▸ **BRIEF**
Reproduce only the lines of the material below that start at the line containing "Attico / Mansarda" and stop at the line containing "Chan Yin Lam". Keep both end lines.

▸ **SUPPLIED INFORMATION**
────────────────────────────────────────
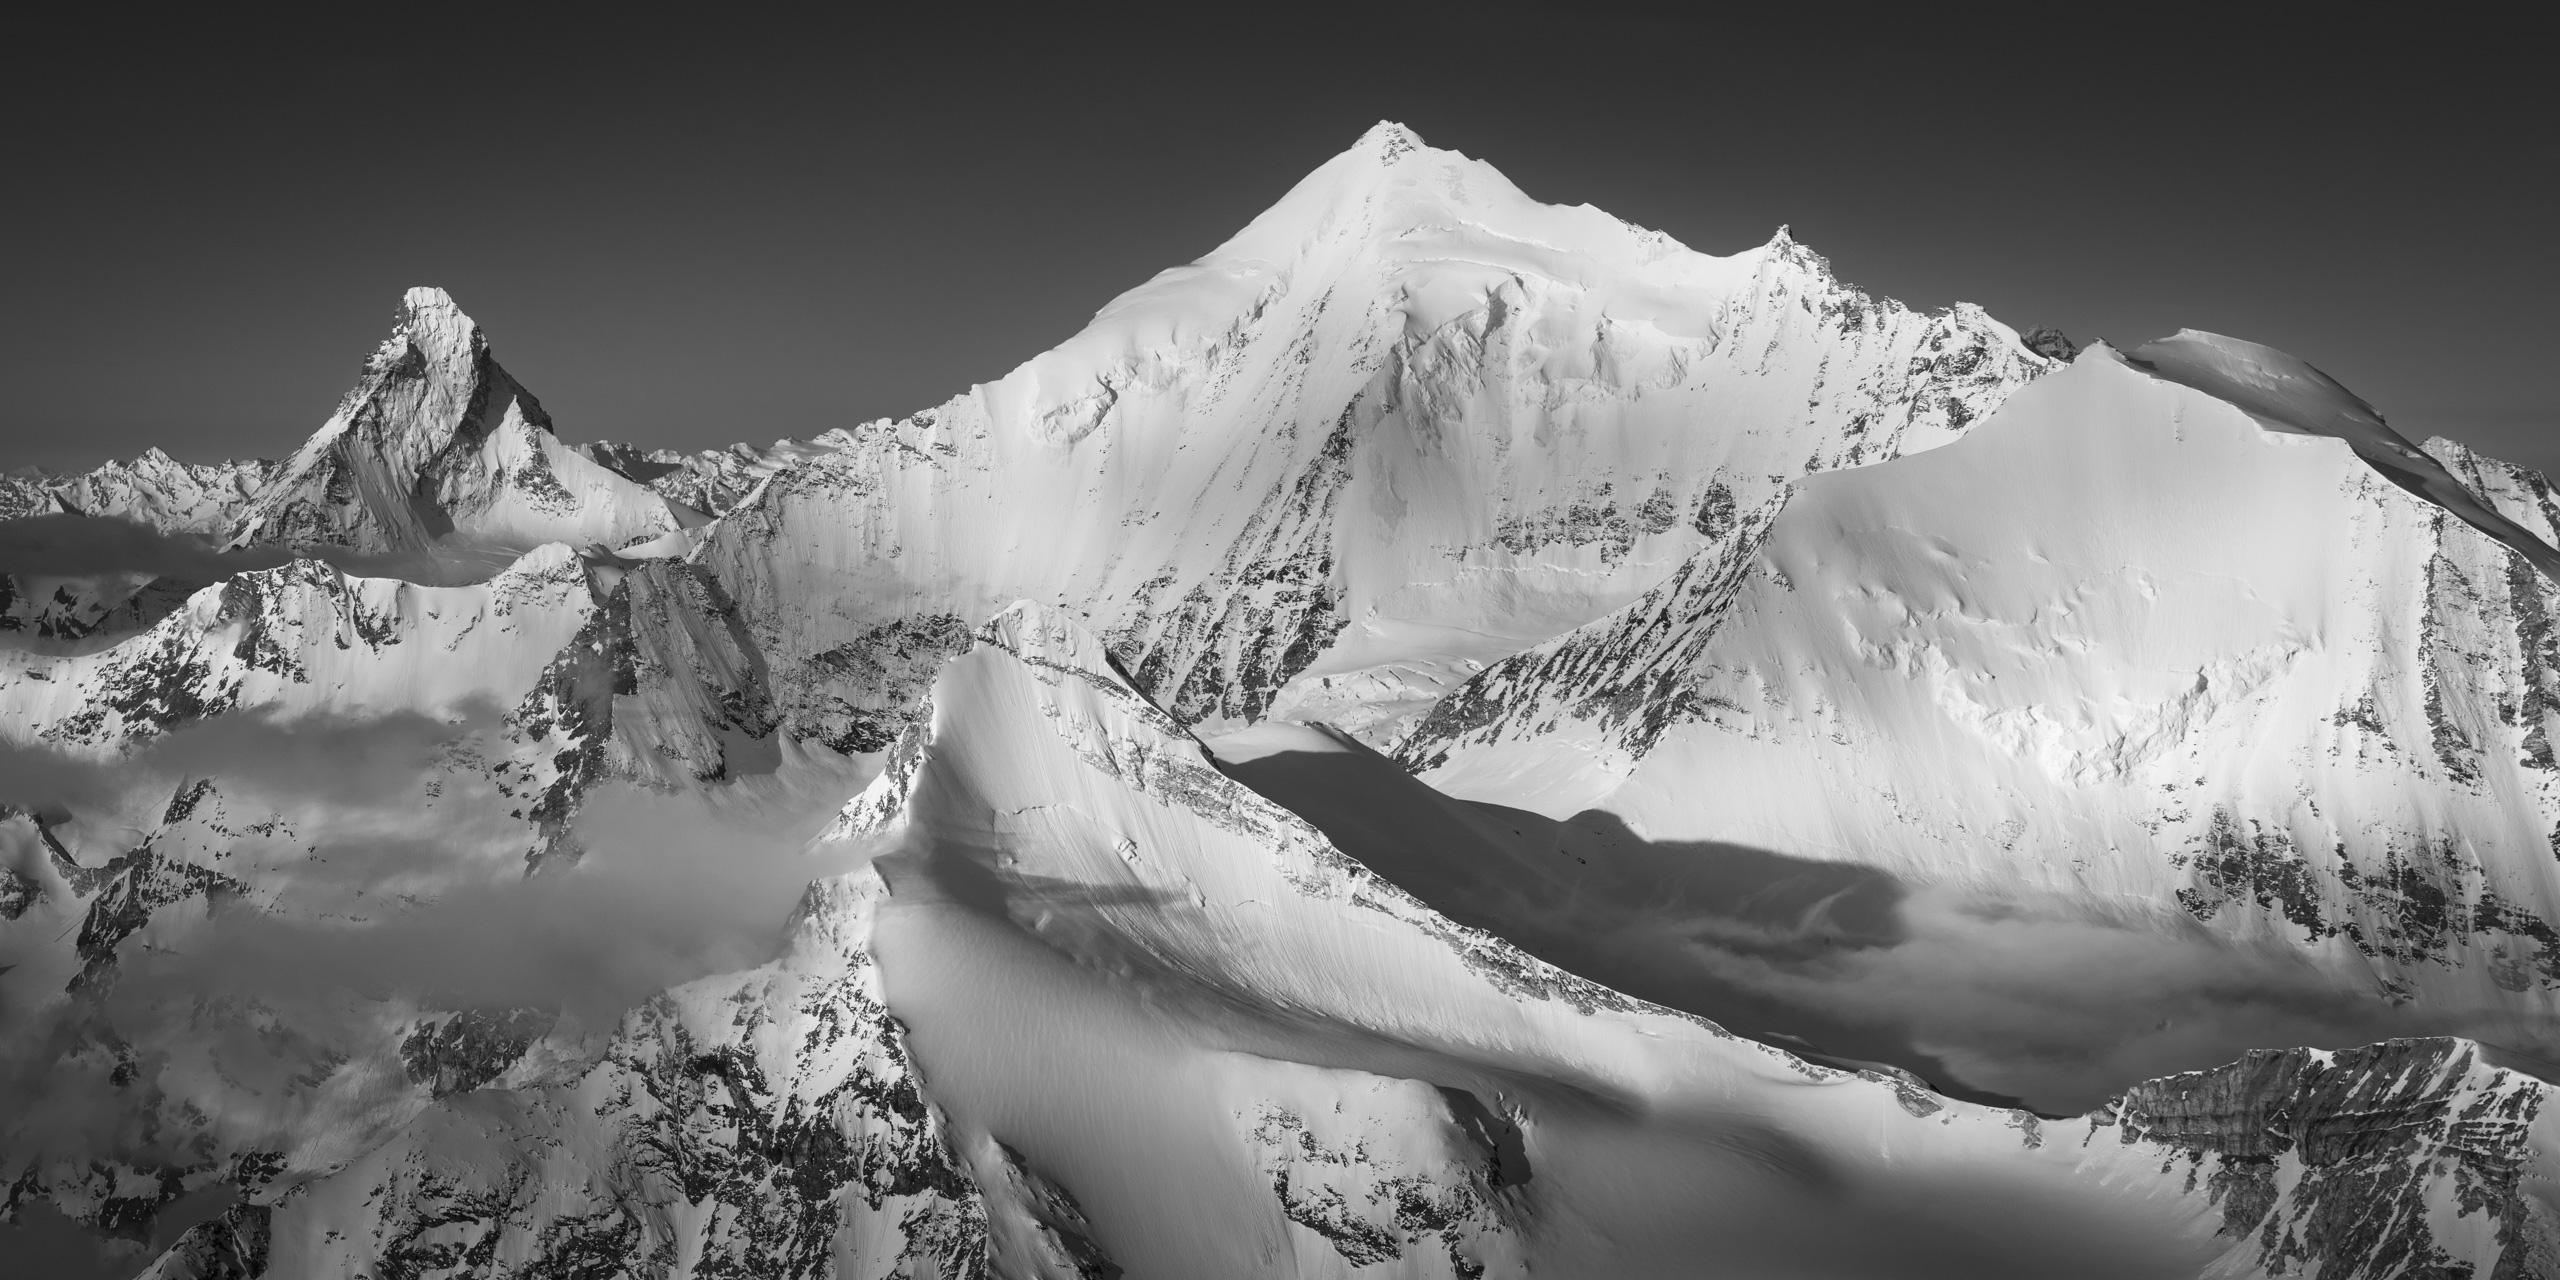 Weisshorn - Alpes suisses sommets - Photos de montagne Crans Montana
────────────────────────────────────────
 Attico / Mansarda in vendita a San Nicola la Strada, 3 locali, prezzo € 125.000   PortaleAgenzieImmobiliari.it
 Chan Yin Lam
────────────────────────────────────────
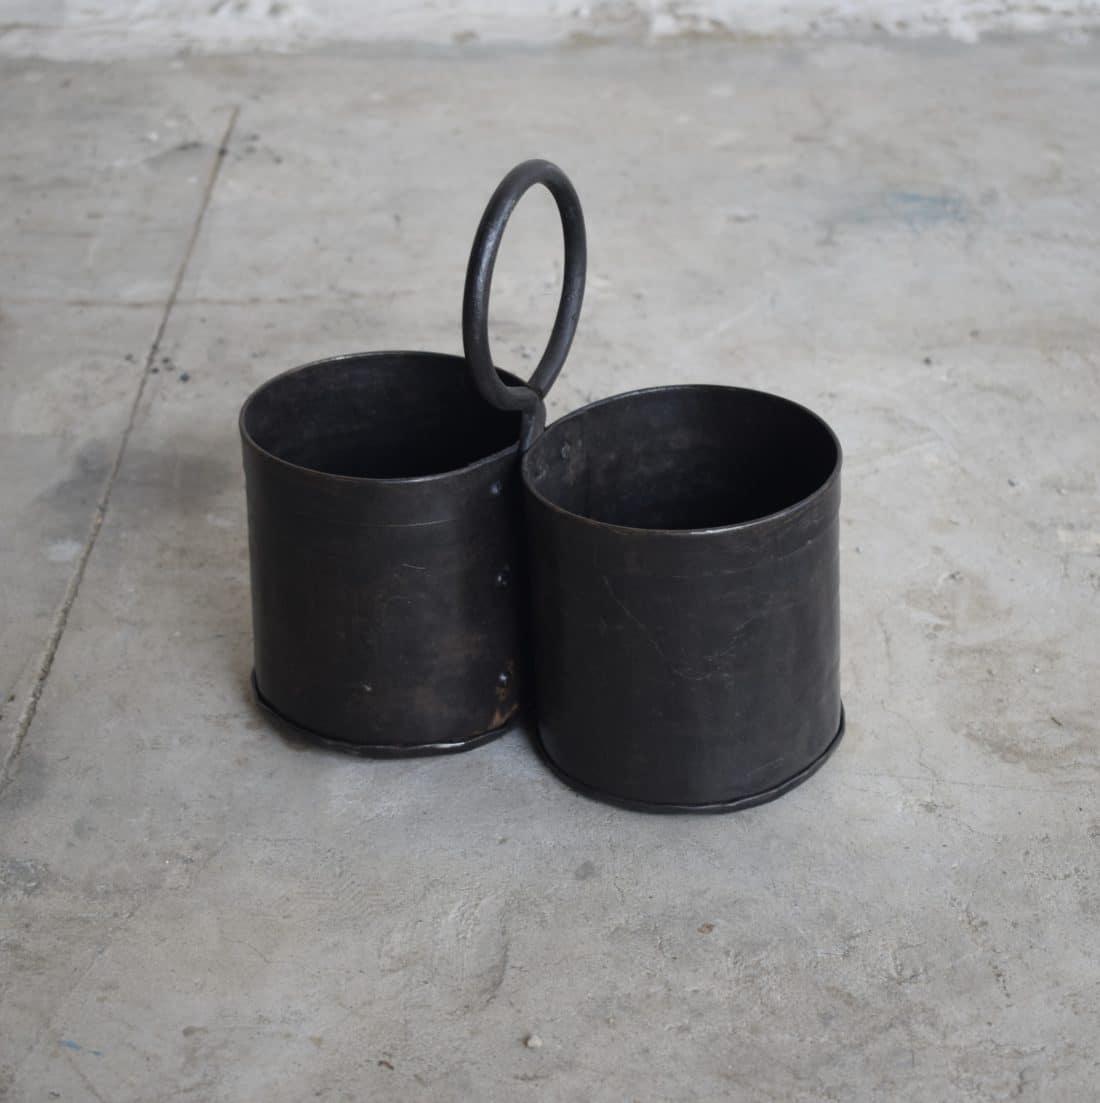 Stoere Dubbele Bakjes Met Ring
────────────────────────────────────────
▸ **RESPONSE AREA**
 Attico / Mansarda in vendita a San Nicola la Strada, 3 locali, prezzo € 125.000   PortaleAgenzieImmobiliari.it
 Chan Yin Lam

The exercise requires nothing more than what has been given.